Catalan language in danger?

Jordi   Tuesday, April 19, 2005, 11:40 GMT
José Borrell was a member of Parliament of the Madrid regional government, a city where he has lived since his first university year and where he has lived for over 30 years (since 1975).
"Nacido el 24 de abril de 1947 en Pobla de Segur (Lérida), Borrell, a quien algunos definen como un catalán afincado en Madrid, ingresó en el partido en 1975, lo que le hace presumir frecuentemente de llevar en el PSOE "media vida"."

Borrell never was the official candidate since he had to resign before the actual elections. Quite a sad story.

Borrell speaks Spanish with an almost perfect Spanish Standard accent and definitely sounds more madrileño than catalan to the average Catalan who lives in Catalonia.

After that episode, the Spanish government decided to have him as a "Catalan" candidate to the European Presidency (it's more comfortable to have a Catalan in Brussels than in Madrid even if he's an adoptive madrileño), so he officially changed his name to "Josep" and slightly varied his phonetics to sound "slightly" Catalan.

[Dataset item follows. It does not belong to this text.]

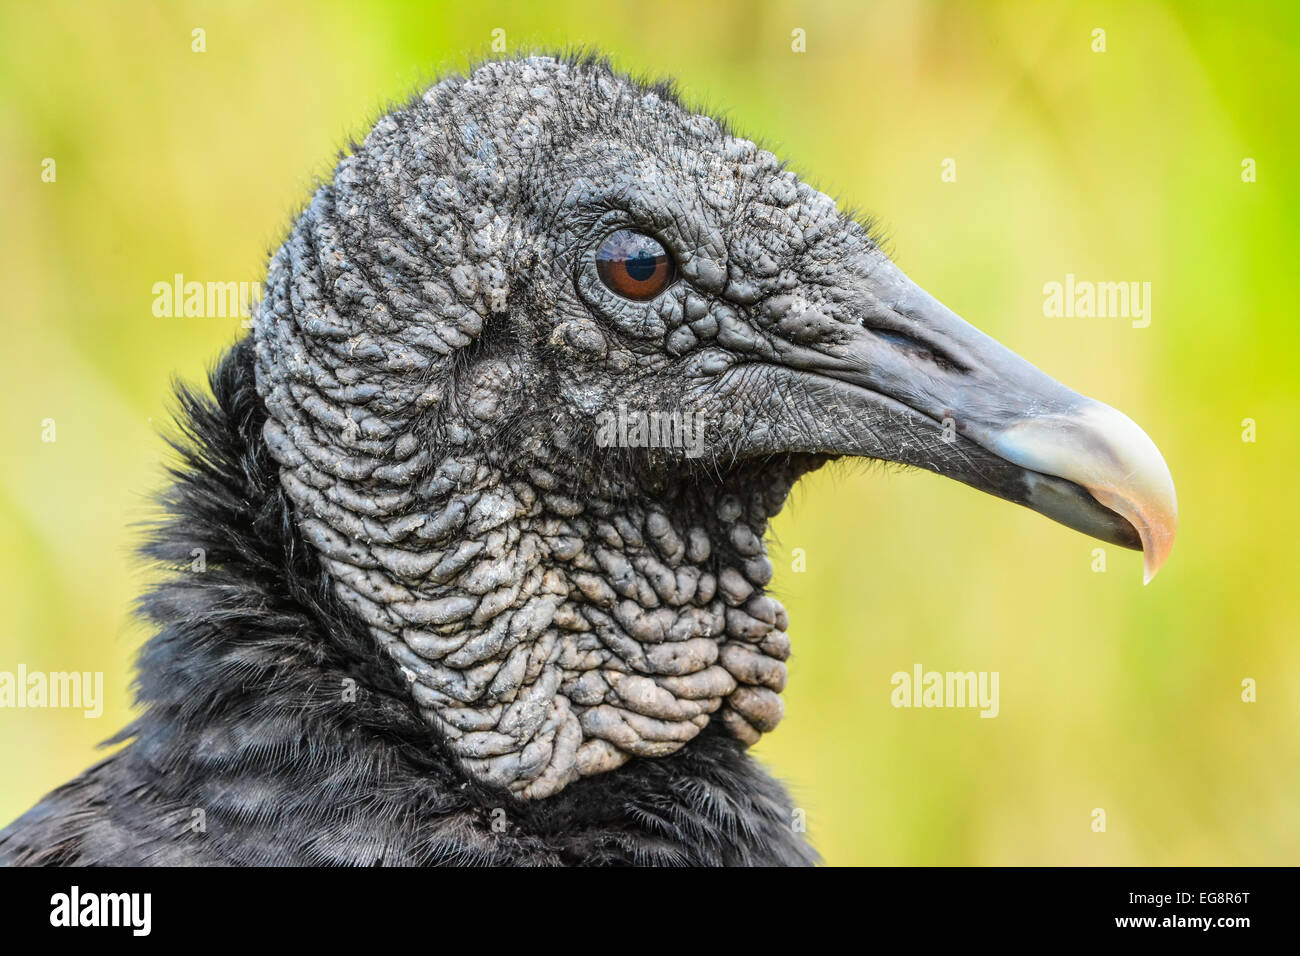 Closeup portrait of a Black vulture (Coragyps atratus) also known as the American black vulture, Everglades, Florida Stock Photo

As president of the European Parliament Borrell had to forbid a Catalan nationalist from speaking in Catalan in Europe. The shame on us is that it had to be a Catalan-native speaker who had to do this although he perfectly understood what Bernat Joan from the island of Eivissa (Balearic Islands) had said.

I would remind you of the Miquel Roca operation a few years back; with a Catalan name all over Spain and a definite Catalan accent (a highly educated conservative man) there was nothing he could do.

I happen to be Catalan and to travel all over Spain and I have been rejected for speaking Catalan with my wife and children in a restaurant or public places, and not only once. Thank God that doesn't happen as much as it used to happen.
xuloChavez   Tuesday, April 19, 2005, 11:46 GMT

Just one more comment on Jordi's post

Jordi wrote
"The fact that Catalonia is probably Spain's richest autonomous region (although it only has less than 20% of the Spanish population) explains quite a lot. Catalonia gives more superavit to the Spanish State than any other Spanish region and yet we are told that we are always asking for too much."

These are 2 very arguable claims. Madrid is definitely richer than catalonia, although that was to be expected since it concentrates the headquaters of many companies that operate throughout Spain, which COULDNT possibly exist without the rest of the spanish market. A similar argument can be applied to barcelona and by extension to catalonia.

The fiscal deficit of the spanish government is a highly debated subject between econometrics experts and shouldnt be presented as an obvious facts. Basically there is 2 studies (dont remember the authors names but can find out) that reach completely opposite conclusions on this subject.
Chloe   Tuesday, April 19, 2005, 11:50 GMT
Catalonia (1640 - 1652)

In Catalonia, the rebellion was against the Spanish monarchy a part of the ruler class as well as the attitude of the Spanish soldiers. Catalonian rebellion was directly connected with the war with France as the Catalonians decided to give the crone of the principally to the French king (even if the Catalonian discovered that to live under French rules was not easy).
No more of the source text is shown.